Records follow. Print exactly the lines from the one that has "Gardenfurnitureworld mobile for" through the one that has "Woman fishing on a river bank - Stock Image", inclusive, and omit the pictures.

Recorded information =>

# # # #

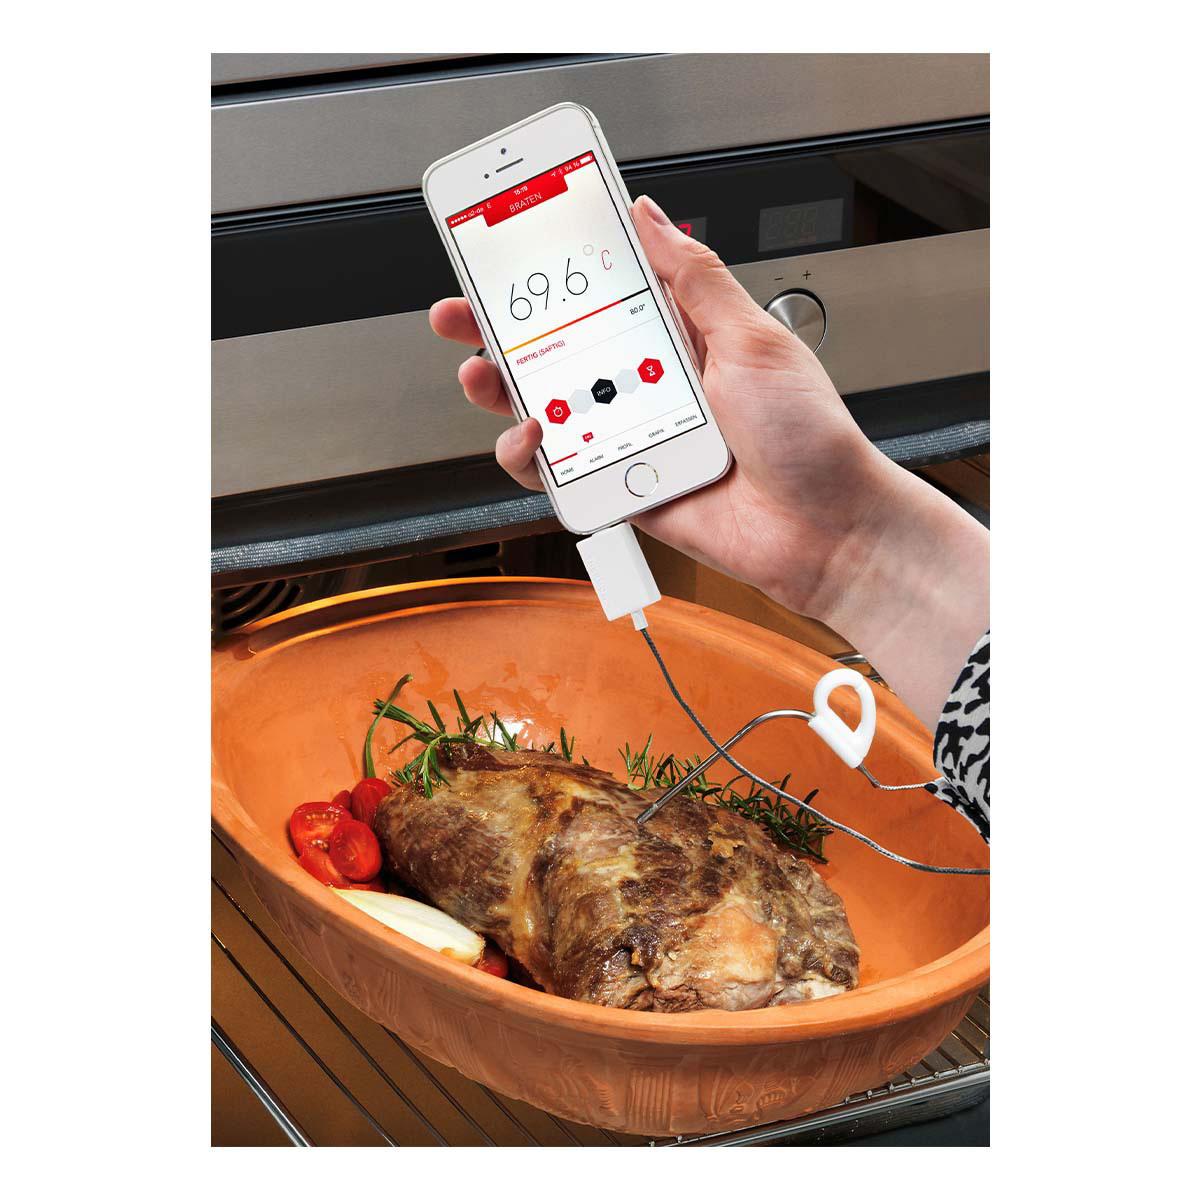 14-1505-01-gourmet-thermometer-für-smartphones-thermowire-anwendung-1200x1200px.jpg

# # # #

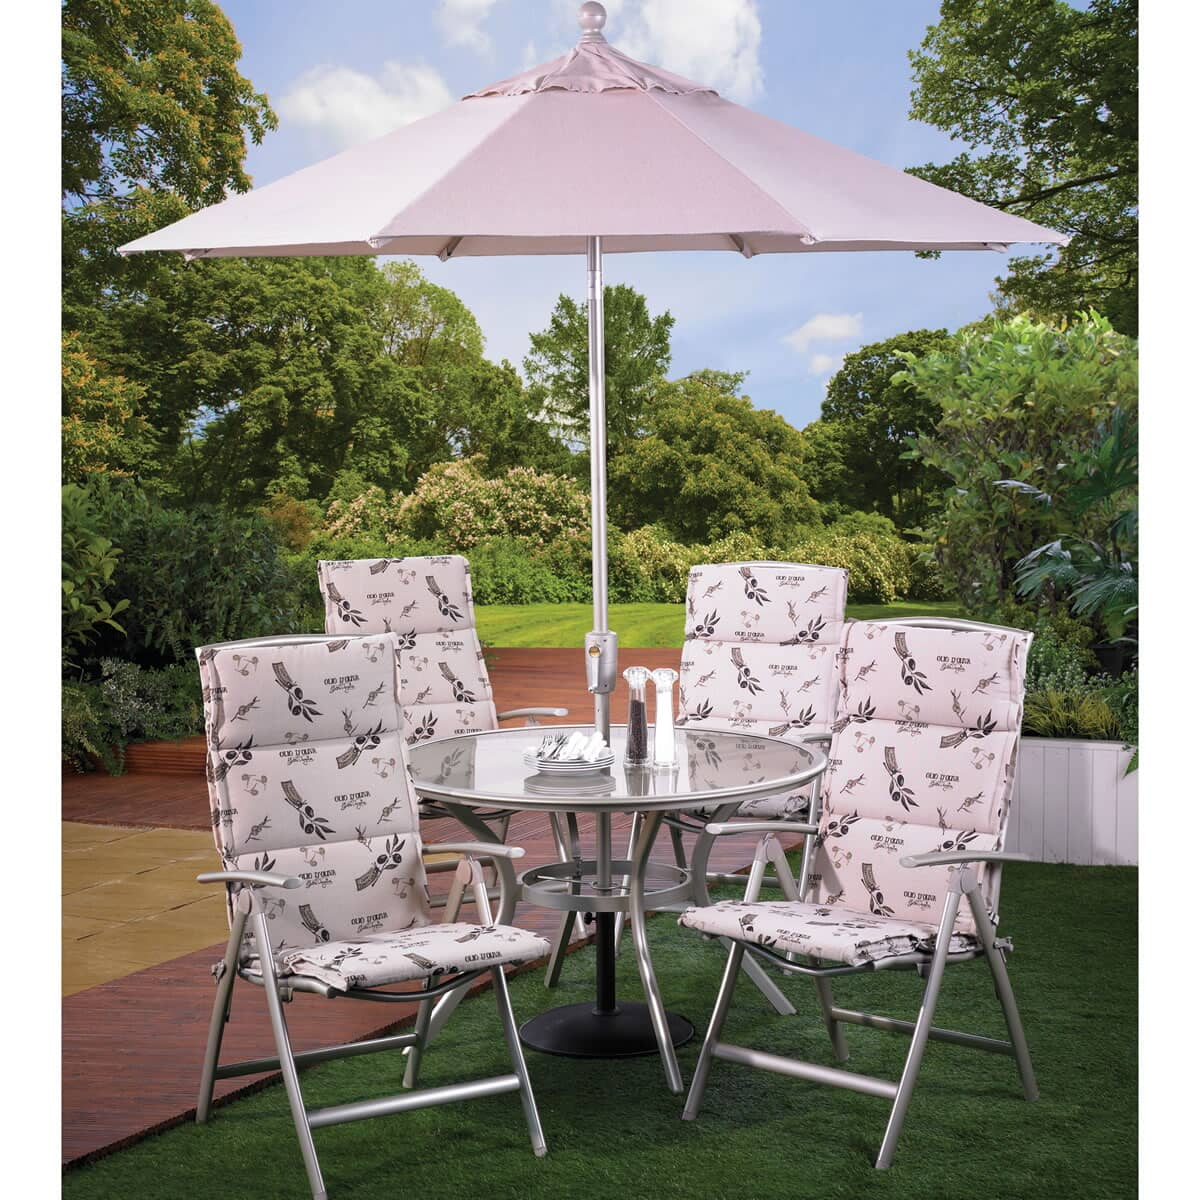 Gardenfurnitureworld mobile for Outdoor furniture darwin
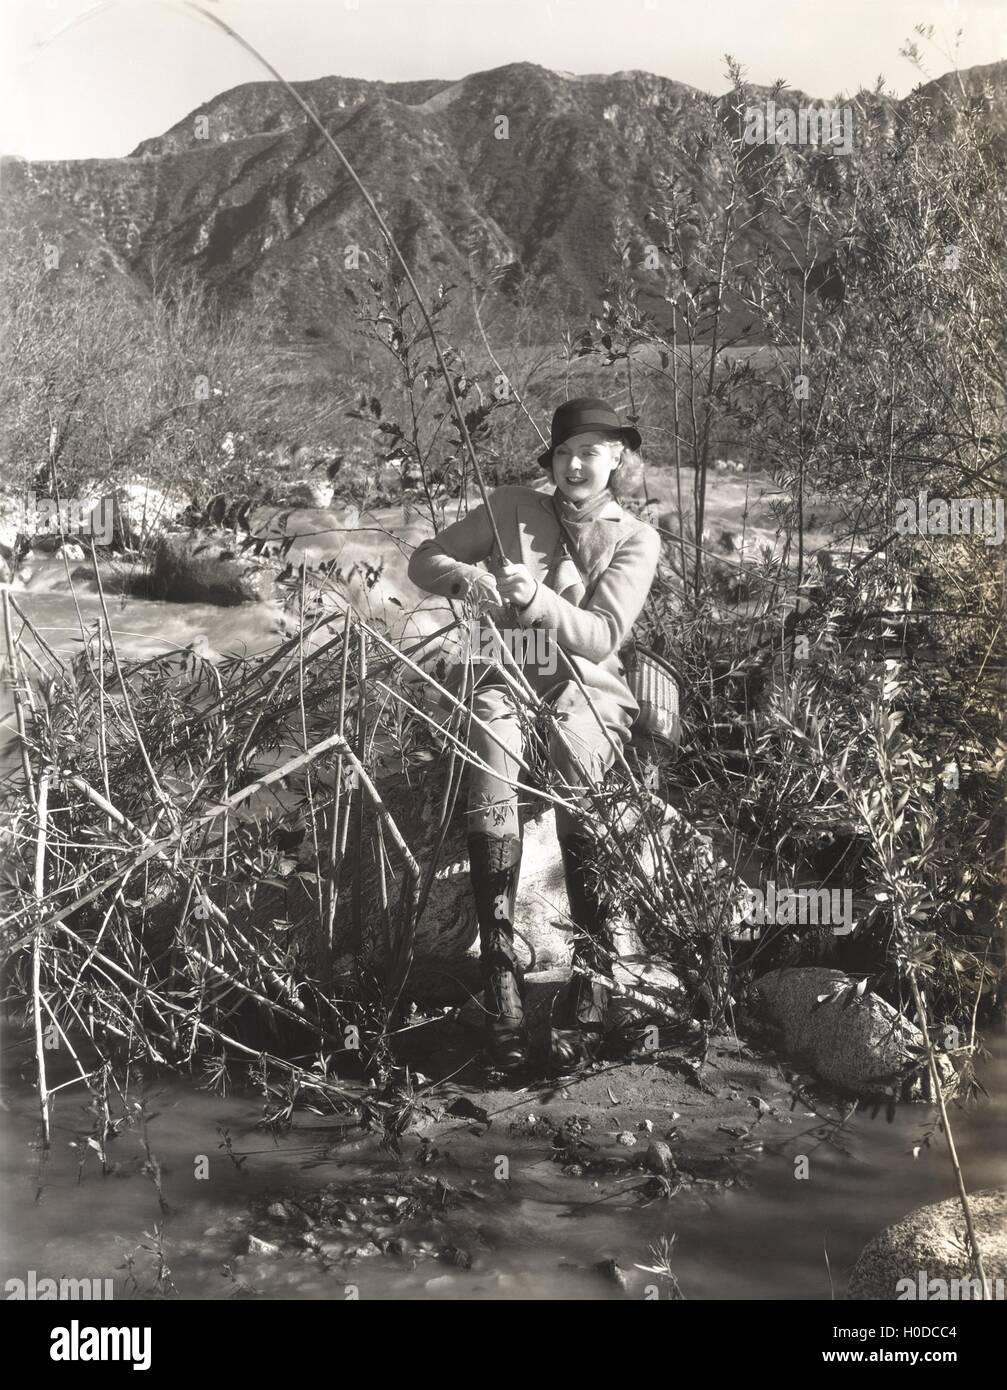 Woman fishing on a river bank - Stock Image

# # # #

Solved problem =>
 Gardenfurnitureworld mobile for Outdoor furniture darwin
 Woman fishing on a river bank - Stock Image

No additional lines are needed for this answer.